I think on it a moment. “So, you didn’t put it into the app yet? That’s it, then.” My voice is hopeful, but I don’t know what this will do to help us. “When did you submit the location to the app?”

“About thirty minutes before you were scheduled to arrive.”

“It has to be someone accessing the app.” Killian’s fingers fly across his phone, sharp and precise, like every keystroke is a weapon. “Sent it to Jaxon. We’ll see if he can work this into his facial scan and find out who accessed the app around that time last night,” he mutters, no-nonsense.
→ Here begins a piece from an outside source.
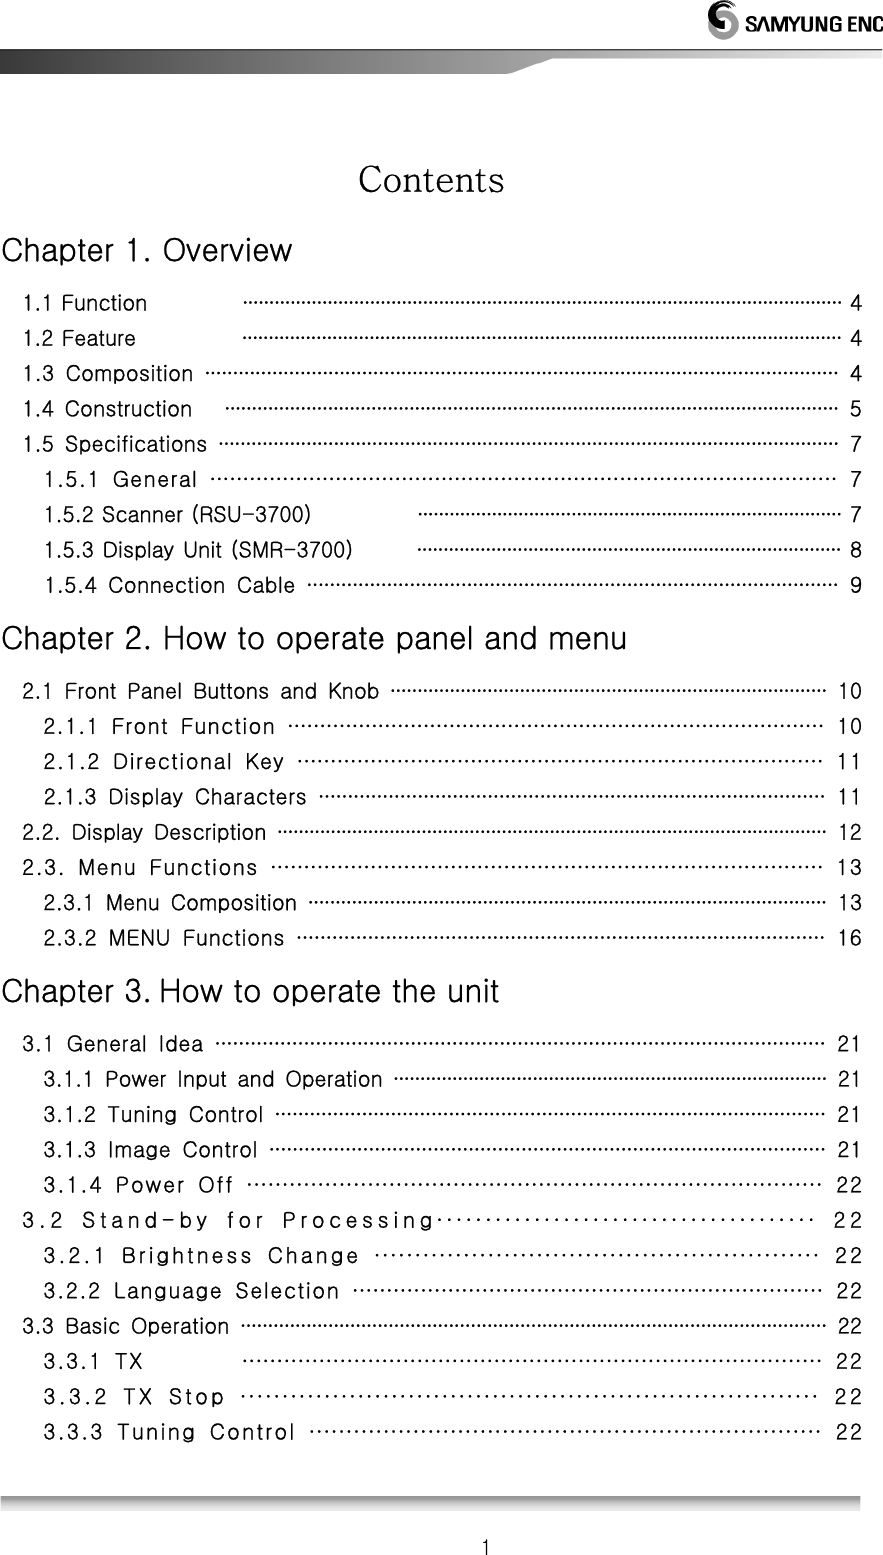   1 Contents Chapter 1. Overview 1.1 Function                  ∙∙∙∙∙∙∙∙∙∙∙∙∙∙∙∙∙∙∙∙∙∙∙∙∙∙∙∙∙∙∙∙∙∙∙∙∙∙∙∙∙∙∙∙∙∙∙∙∙∙∙∙∙∙∙∙∙∙∙∙∙∙∙∙∙∙∙∙∙∙∙∙∙∙∙∙∙∙∙∙∙∙∙∙∙∙∙∙∙∙∙∙∙∙∙∙∙∙∙∙∙∙∙∙∙∙∙∙∙∙∙∙∙ 4 1.2 Feature                    ∙∙∙∙∙∙∙∙∙∙∙∙∙∙∙∙∙∙∙∙∙∙∙∙∙∙∙∙∙∙∙∙∙∙∙∙∙∙∙∙∙∙∙∙∙∙∙∙∙∙∙∙∙∙∙∙∙∙∙∙∙∙∙∙∙∙∙∙∙∙∙∙∙∙∙∙∙∙∙∙∙∙∙∙∙∙∙∙∙∙∙∙∙∙∙∙∙∙∙∙∙∙∙∙∙∙∙∙∙∙∙∙∙ 4 1.3  Composition  ∙∙∙∙∙∙∙∙∙∙∙∙∙∙∙∙∙∙∙∙∙∙∙∙∙∙∙∙∙∙∙∙∙∙∙∙∙∙∙∙∙∙∙∙∙∙∙∙∙∙∙∙∙∙∙∙∙∙∙∙∙∙∙∙∙∙∙∙∙∙∙∙∙∙∙∙∙∙∙∙∙∙∙∙∙∙∙∙∙∙∙∙∙∙∙∙∙∙∙∙∙∙∙∙∙∙∙∙∙∙∙∙∙  4 1.4  Construction      ∙∙∙∙∙∙∙∙∙∙∙∙∙∙∙∙∙∙∙∙∙∙∙∙∙∙∙∙∙∙∙∙∙∙∙∙∙∙∙∙∙∙∙∙∙∙∙∙∙∙∙∙∙∙∙∙∙∙∙∙∙∙∙∙∙∙∙∙∙∙∙∙∙∙∙∙∙∙∙∙∙∙∙∙∙∙∙∙∙∙∙∙∙∙∙∙∙∙∙∙∙∙∙∙∙∙∙∙∙∙∙∙∙  5 1.5  Specifications  ∙∙∙∙∙∙∙∙∙∙∙∙∙∙∙∙∙∙∙∙∙∙∙∙∙∙∙∙∙∙∙∙∙∙∙∙∙∙∙∙∙∙∙∙∙∙∙∙∙∙∙∙∙∙∙∙∙∙∙∙∙∙∙∙∙∙∙∙∙∙∙∙∙∙∙∙∙∙∙∙∙∙∙∙∙∙∙∙∙∙∙∙∙∙∙∙∙∙∙∙∙∙∙∙∙∙∙∙∙∙∙∙∙  7 1.5.1  General  ∙∙∙∙∙∙∙∙∙∙∙∙∙∙∙∙∙∙∙∙∙∙∙∙∙∙∙∙∙∙∙∙∙∙∙∙∙∙∙∙∙∙∙∙∙∙∙∙∙∙∙∙∙∙∙∙∙∙∙∙∙∙∙∙∙∙∙∙∙∙∙∙∙∙∙∙∙∙∙∙∙∙∙∙∙∙∙∙∙∙∙∙∙∙∙  7 1.5.2 Scanner (RSU-3700)                    ∙∙∙∙∙∙∙∙∙∙∙∙∙∙∙∙∙∙∙∙∙∙∙∙∙∙∙∙∙∙∙∙∙∙∙∙∙∙∙∙∙∙∙∙∙∙∙∙∙∙∙∙∙∙∙∙∙∙∙∙∙∙∙∙∙∙∙∙∙∙∙∙∙∙∙∙∙∙∙∙ 7 1.5.3 Display Unit (SMR-3700)            ∙∙∙∙∙∙∙∙∙∙∙∙∙∙∙∙∙∙∙∙∙∙∙∙∙∙∙∙∙∙∙∙∙∙∙∙∙∙∙∙∙∙∙∙∙∙∙∙∙∙∙∙∙∙∙∙∙∙∙∙∙∙∙∙∙∙∙∙∙∙∙∙∙∙∙∙∙∙∙∙ 8 1.5.4  Connection  Cable  ∙∙∙∙∙∙∙∙∙∙∙∙∙∙∙∙∙∙∙∙∙∙∙∙∙∙∙∙∙∙∙∙∙∙∙∙∙∙∙∙∙∙∙∙∙∙∙∙∙∙∙∙∙∙∙∙∙∙∙∙∙∙∙∙∙∙∙∙∙∙∙∙∙∙∙∙∙∙∙∙∙∙∙∙∙∙∙∙∙∙∙∙∙  9 Chapter 2. How to operate panel and menu 2.1  Front  Panel  Buttons  and  Knob  ∙∙∙∙∙∙∙∙∙∙∙∙∙∙∙∙∙∙∙∙∙∙∙∙∙∙∙∙∙∙∙∙∙∙∙∙∙∙∙∙∙∙∙∙∙∙∙∙∙∙∙∙∙∙∙∙∙∙∙∙∙∙∙∙∙∙∙∙∙∙∙∙∙∙∙∙∙∙∙∙∙  10 2.1.1  Front  Function  ∙∙∙∙∙∙∙∙∙∙∙∙∙∙∙∙∙∙∙∙∙∙∙∙∙∙∙∙∙∙∙∙∙∙∙∙∙∙∙∙∙∙∙∙∙∙∙∙∙∙∙∙∙∙∙∙∙∙∙∙∙∙∙∙∙∙∙∙∙∙∙∙∙∙∙∙∙∙∙∙∙∙∙  10 2.1.2  Directional  Key  ∙∙∙∙∙∙∙∙∙∙∙∙∙∙∙∙∙∙∙∙∙∙∙∙∙∙∙∙∙∙∙∙∙∙∙∙∙∙∙∙∙∙∙∙∙∙∙∙∙∙∙∙∙∙∙∙∙∙∙∙∙∙∙∙∙∙∙∙∙∙∙∙∙∙∙∙∙∙∙  11 2.1.3  Display  Characters  ∙∙∙∙∙∙∙∙∙∙∙∙∙∙∙∙∙∙∙∙∙∙∙∙∙∙∙∙∙∙∙∙∙∙∙∙∙∙∙∙∙∙∙∙∙∙∙∙∙∙∙∙∙∙∙∙∙∙∙∙∙∙∙∙∙∙∙∙∙∙∙∙∙∙∙∙∙∙∙∙∙∙∙∙∙∙∙  11 2.2.  Display  Description  ∙∙∙∙∙∙∙∙∙∙∙∙∙∙∙∙∙∙∙∙∙∙∙∙∙∙∙∙∙∙∙∙∙∙∙∙∙∙∙∙∙∙∙∙∙∙∙∙∙∙∙∙∙∙∙∙∙∙∙∙∙∙∙∙∙∙∙∙∙∙∙∙∙∙∙∙∙∙∙∙∙∙∙∙∙∙∙∙∙∙∙∙∙∙∙∙∙∙∙∙∙∙∙  12 2.3.  Menu  Functions  ∙∙∙∙∙∙∙∙∙∙∙∙∙∙∙∙∙∙∙∙∙∙∙∙∙∙∙∙∙∙∙∙∙∙∙∙∙∙∙∙∙∙∙∙∙∙∙∙∙∙∙∙∙∙∙∙∙∙∙∙∙∙∙∙∙∙∙∙∙∙∙∙∙∙∙∙∙∙∙∙∙∙∙  13 2.3.1  Menu  Composition  ∙∙∙∙∙∙∙∙∙∙∙∙∙∙∙∙∙∙∙∙∙∙∙∙∙∙∙∙∙∙∙∙∙∙∙∙∙∙∙∙∙∙∙∙∙∙∙∙∙∙∙∙∙∙∙∙∙∙∙∙∙∙∙∙∙∙∙∙∙∙∙∙∙∙∙∙∙∙∙∙∙∙∙∙∙∙∙∙∙∙∙∙∙∙∙  13 2.3.2  MENU  Functions  ∙∙∙∙∙∙∙∙∙∙∙∙∙∙∙∙∙∙∙∙∙∙∙∙∙∙∙∙∙∙∙∙∙∙∙∙∙∙∙∙∙∙∙∙∙∙∙∙∙∙∙∙∙∙∙∙∙∙∙∙∙∙∙∙∙∙∙∙∙∙∙∙∙∙∙∙∙∙∙∙∙∙∙∙∙∙∙∙∙  16 Chapter 3. How to operate the unit 3.1  General  Idea  ∙∙∙∙∙∙∙∙∙∙∙∙∙∙∙∙∙∙∙∙∙∙∙∙∙∙∙∙∙∙∙∙∙∙∙∙∙∙∙∙∙∙∙∙∙∙∙∙∙∙∙∙∙∙∙∙∙∙∙∙∙∙∙∙∙∙∙∙∙∙∙∙∙∙∙∙∙∙∙∙∙∙∙∙∙∙∙∙∙∙∙∙∙∙∙∙∙∙∙∙∙∙∙  21 3.1.1  Power  Input  and  Operation  ∙∙∙∙∙∙∙∙∙∙∙∙∙∙∙∙∙∙∙∙∙∙∙∙∙∙∙∙∙∙∙∙∙∙∙∙∙∙∙∙∙∙∙∙∙∙∙∙∙∙∙∙∙∙∙∙∙∙∙∙∙∙∙∙∙∙∙∙∙∙∙∙∙∙∙∙∙∙∙∙∙  21 3.1.2  Tuning  Control  ∙∙∙∙∙∙∙∙∙∙∙∙∙∙∙∙∙∙∙∙∙∙∙∙∙∙∙∙∙∙∙∙∙∙∙∙∙∙∙∙∙∙∙∙∙∙∙∙∙∙∙∙∙∙∙∙∙∙∙∙∙∙∙∙∙∙∙∙∙∙∙∙∙∙∙∙∙∙∙∙∙∙∙∙∙∙∙∙∙∙∙∙∙∙∙  21 3.1.3  Image  Control  ∙∙∙∙∙∙∙∙∙∙∙∙∙∙∙∙∙∙∙∙∙∙∙∙∙∙∙∙∙∙∙∙∙∙∙∙∙∙∙∙∙∙∙∙∙∙∙∙∙∙∙∙∙∙∙∙∙∙∙∙∙∙∙∙∙∙∙∙∙∙∙∙∙∙∙∙∙∙∙∙∙∙∙∙∙∙∙∙∙∙∙∙∙∙∙  21 3.1.4  Power  Off  ∙∙∙∙∙∙∙∙∙∙∙∙∙∙∙∙∙∙∙∙∙∙∙∙∙∙∙∙∙∙∙∙∙∙∙∙∙∙∙∙∙∙∙∙∙∙∙∙∙∙∙∙∙∙∙∙∙∙∙∙∙∙∙∙∙∙∙∙∙∙∙∙∙∙∙∙∙∙∙∙∙  22 3.2  Stand-by  for  Processing∙∙∙∙∙∙∙∙∙∙∙∙∙∙∙∙∙∙∙∙∙∙∙∙∙∙∙∙∙∙∙∙∙∙∙∙∙∙∙  22 3.2.1  Brightness  Change  ∙∙∙∙∙∙∙∙∙∙∙∙∙∙∙∙∙∙∙∙∙∙∙∙∙∙∙∙∙∙∙∙∙∙∙∙∙∙∙∙∙∙∙∙∙∙∙∙∙∙∙∙∙∙∙  22 3.2.2  Language  Selection  ∙∙∙∙∙∙∙∙∙∙∙∙∙∙∙∙∙∙∙∙∙∙∙∙∙∙∙∙∙∙∙∙∙∙∙∙∙∙∙∙∙∙∙∙∙∙∙∙∙∙∙∙∙∙∙∙∙∙∙∙∙∙∙∙∙∙∙∙∙  22 3.3  Basic  Operation  ∙∙∙∙∙∙∙∙∙∙∙∙∙∙∙∙∙∙∙∙∙∙∙∙∙∙∙∙∙∙∙∙∙∙∙∙∙∙∙∙∙∙∙∙∙∙∙∙∙∙∙∙∙∙∙∙∙∙∙∙∙∙∙∙∙∙∙∙∙∙∙∙∙∙∙∙∙∙∙∙∙∙∙∙∙∙∙∙∙∙∙∙∙∙∙∙∙∙∙∙∙∙∙∙∙∙∙  22 3.3.1  TX                ∙∙∙∙∙∙∙∙∙∙∙∙∙∙∙∙∙∙∙∙∙∙∙∙∙∙∙∙∙∙∙∙∙∙∙∙∙∙∙∙∙∙∙∙∙∙∙∙∙∙∙∙∙∙∙∙∙∙∙∙∙∙∙∙∙∙∙∙∙∙∙∙∙∙∙∙∙∙∙∙∙∙∙  22 3.3.2  TX  Stop  ∙∙∙∙∙∙∙∙∙∙∙∙∙∙∙∙∙∙∙∙∙∙∙∙∙∙∙∙∙∙∙∙∙∙∙∙∙∙∙∙∙∙∙∙∙∙∙∙∙∙∙∙∙∙∙∙∙∙∙∙∙∙∙∙∙∙∙∙∙  22 3.3.3  Tuning  Control  ∙∙∙∙∙∙∙∙∙∙∙∙∙∙∙∙∙∙∙∙∙∙∙∙∙∙∙∙∙∙∙∙∙∙∙∙∙∙∙∙∙∙∙∙∙∙∙∙∙∙∙∙∙∙∙∙∙∙∙∙∙∙∙∙∙∙∙∙∙  22

The next knock at my door isn’t one guard but a flood. Ledger security files in—a dark wave of suits and weapons—and suddenly my penthouse feels less like a home and more like a fortress. There’s a low hum of conversation that falls nearly silent when I pull the first pan of cookies out of the oven. Instantly every pair of eyes in the kitchen swivels toward me like bloodthirsty wolves.

I realize too late—I should’ve doubled the batch. Maybe tripled.

They’re gone in seconds—hands darting in, voices gruff but amused, like men at war suddenly reduced to a pack of overgrown kids.

Killian’s voice cuts low from the corner, where he’s talking with Finn at the edge of the kitchen. His jacket finds itself hung on one of the chair backs. I glance up just in time to see him turn, only to find the pans already picked clean.

The drop of his shoulders and the look on his face nearly make me laugh. Adorable, even. Except he’s trying very hard to cover the disappointment—jaw flexing, eyes narrowing—like he’s just been robbed at knifepoint.

He clears his throat. “Jaxon said no major app usage last night, aside from a few clients that don’t match the profile and the janitors changing shifts.”

Finn claps his hands, calling the team to the living room to show off the latest security upgrades. Killian follows, still glaring daggers at one of the guys who has the audacity to be chewing the last cookie.

I can’t help the smirk tugging at my mouth as I reach for the flour again, setting to work on another batch.

“Men,” Eve mutters, swirling her wine and rolling her eyes. “Nothing but big babies.”

The second batch is finished right as the briefing winds down. The men shuffle through the kitchen like a parade of giants, each one snagging a cookie or two in salute before disappearing out the door.

A few linger—Finn among them—and of course he’s the one to swipe the very last cookie from the tray.

Right on time, Killian strides back in. His eyes drop to the island, scanning the tray for what’s left. Crumbs. Chocolate smudges. Nothing more.

His hand twitches near the handle of his knife.

Finn lifts the cookie halfway to his mouth, then freezes. “You really gonna stab me over a cookie, Shaw?”

Killian’s voice is flat, edged with that lethal calm. “I was thinkin’ about it.”

A laugh bursts out of me before I can stop it. “Thank goodness we don’t need to do that.”

I turn, grab the smaller pan cooling behind me, and slide it across the island right in front of him. “Just for you, big man.”